Certainly, Sebastian Cordero does manage one imaginative sequence that you are surprised Alfonzo Cuaron never thought of – where Sharlto Copley and Michael Nyqvist conduct a spacewalk repair mission, Nyqvist ruptures the glove of his suit on the metal and Copley gets him to the airlock with his hand over the puncture only to realise that he has spilled poisonous hydrazine over his own suit where the only solution would seem to be to get out of his suit in the void of the airlock. The scene culminates on the fine image of Sharlto Coply drifting away from the ship until we see it becomes a tiny dot in the distance from behind his shoulder.
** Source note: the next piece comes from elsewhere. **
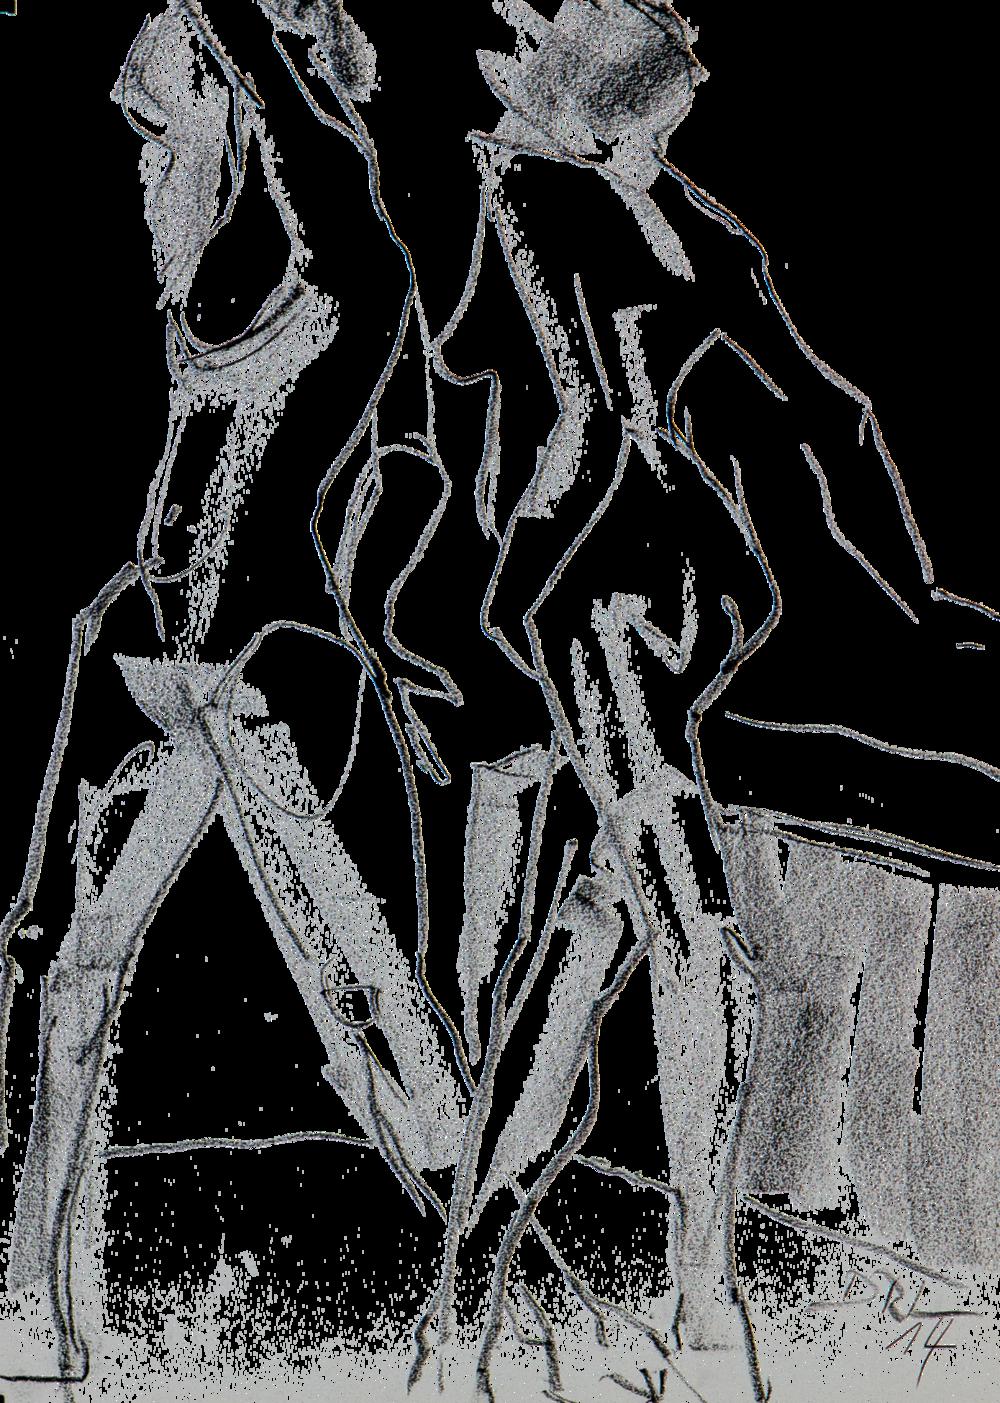 DRL-AktSkizzen-Katalog2016-8329.png

The main problems with Europa Report are its story structure and its method of approach. Firstly, the film sets up a great mystery – the idea of an expedition going to seek life on Europa where something has gone wrong that Mission Control is trying to piece together. Instead though, three-quarters of the film is comprised of the journey to Europa. These sections seem modelled on 2001 – the dullness of life on board where drama is created by a series of ongoing disasters that befall the crew.
The other problem is that the film takes a semi-Found Footage approach – not completely as there are often shots that don’t come from video feed, as well as a musical score added. This gives some severe limitations to the film – as many Found Footage films have discovered, the constant shakycam helps disguise many budgetary shortcomings that allow the film to have to show very little. That leads to the great disappointment of the film that [PLOT SPOILERS] despite enormous build-up to what is causing the radiation spikes and the possibility of life beneath the ice, the only reveal we get right at the end is a shakycam creature with tentacles that can only be clearly seen on a single paused frame of the replay.
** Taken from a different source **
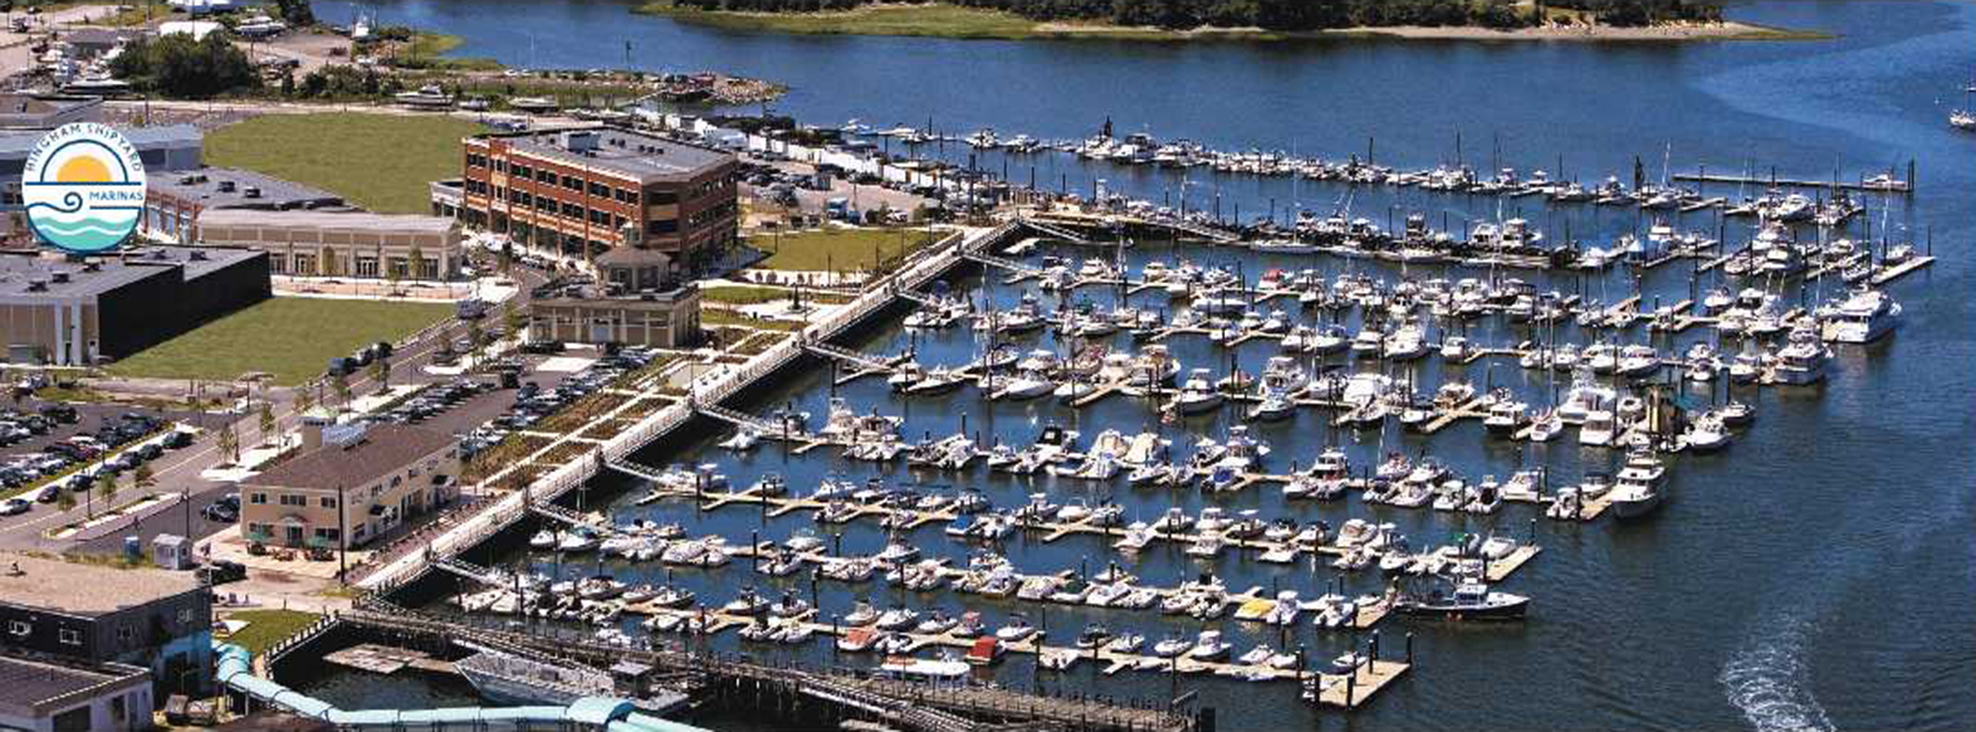 Hingham Shipyard Marinas in Hingham, MA

What is missing is any of the conceptual possibility inherent in the idea of the meeting of different species, attempts to communicate with the alien or understand its biology that I was hoping the film would delve into. Europa Report ends up being like The Fourth Kind (2009), another quasi-Found Footage effort about alien abductions, which hinted at great mystery but in the end used the Found Footage approach only as smoke and mirrors to obscure the fact that it had an empty hand when revealing any answers. In other words, we have a film that is all promise and zero delivery.
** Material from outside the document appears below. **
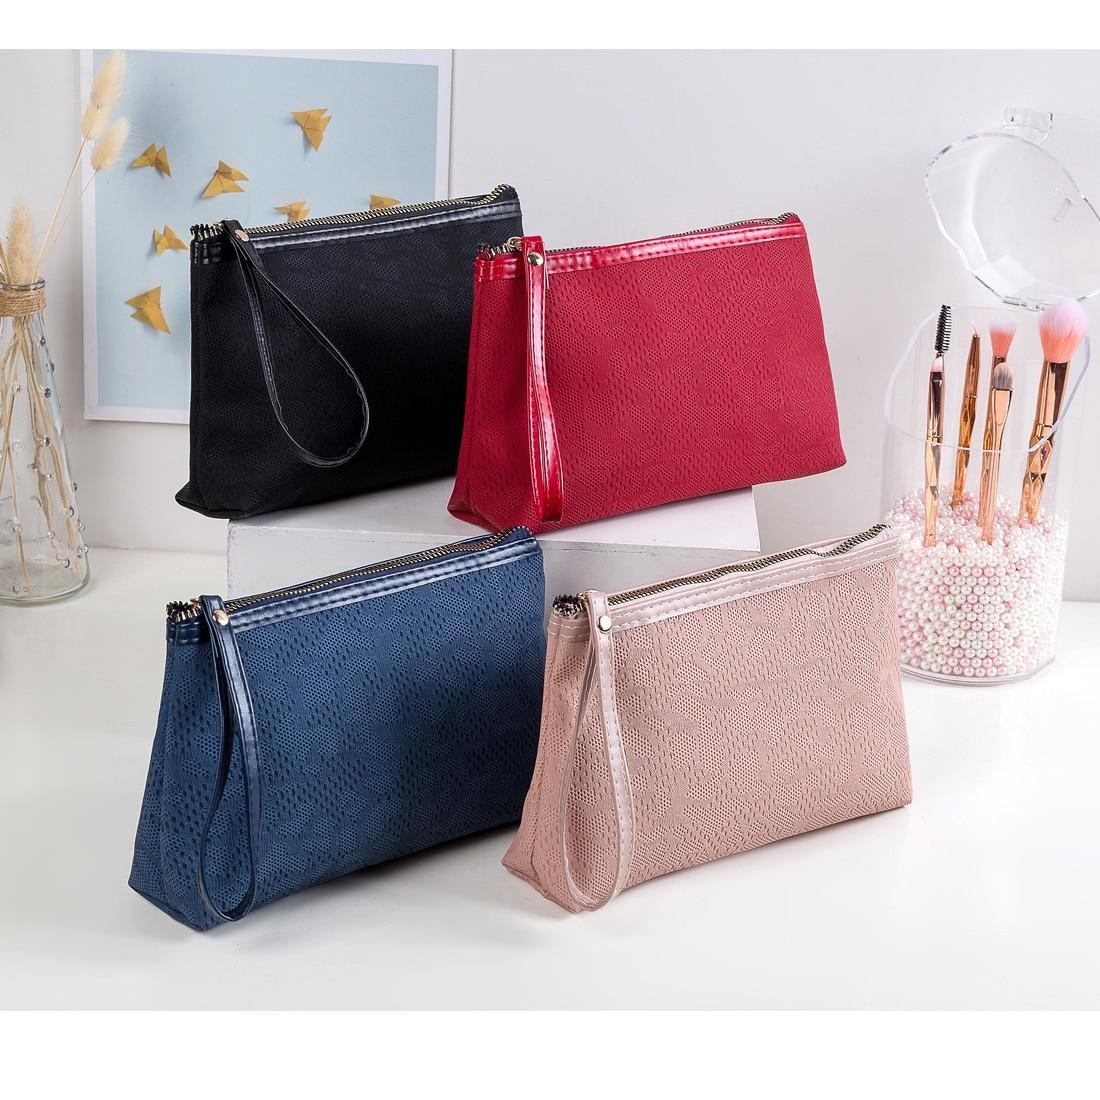 Portable  Cosmetic Bag Women Pouch Fashion Lady Makeup 2020 New Travel Organizer Bag Travel Makeup  PU Leather Makeup Bag

The film certainly manages to bring together a more than reasonable international cast. There is Sharlto Coley, the South African actor from District 9 (2009), with American accent in place and looking the most regular and ruggedly all-American of the group. There are a number of faces that one failed to initially recognise – Embeth Davidtz as the mission head back on Earth; Michael Nyqvist from The Girl with the Dragon Tattoo (2009) as a grizzled Russian scientist who is falling apart; even Dan Fogler from Fanboys (2008) as a scientist. Not to mention Anamaria Marinca, the Romanian actress from 4 Months, 3 Weeks and 2 Days (2007), who plays a coolly androgynous East European astronaut.
Europa Report is the fifth film for Ecuadorian director Sebastian Cordero, the first he has made in English language. Cordero had previously gained some festival play with Cronicas (2004) about a news crew profiling a serial killer and Rage (2009) about a man on the run from a murder, and subsequent to this with Such is Life in the Tropics (2016).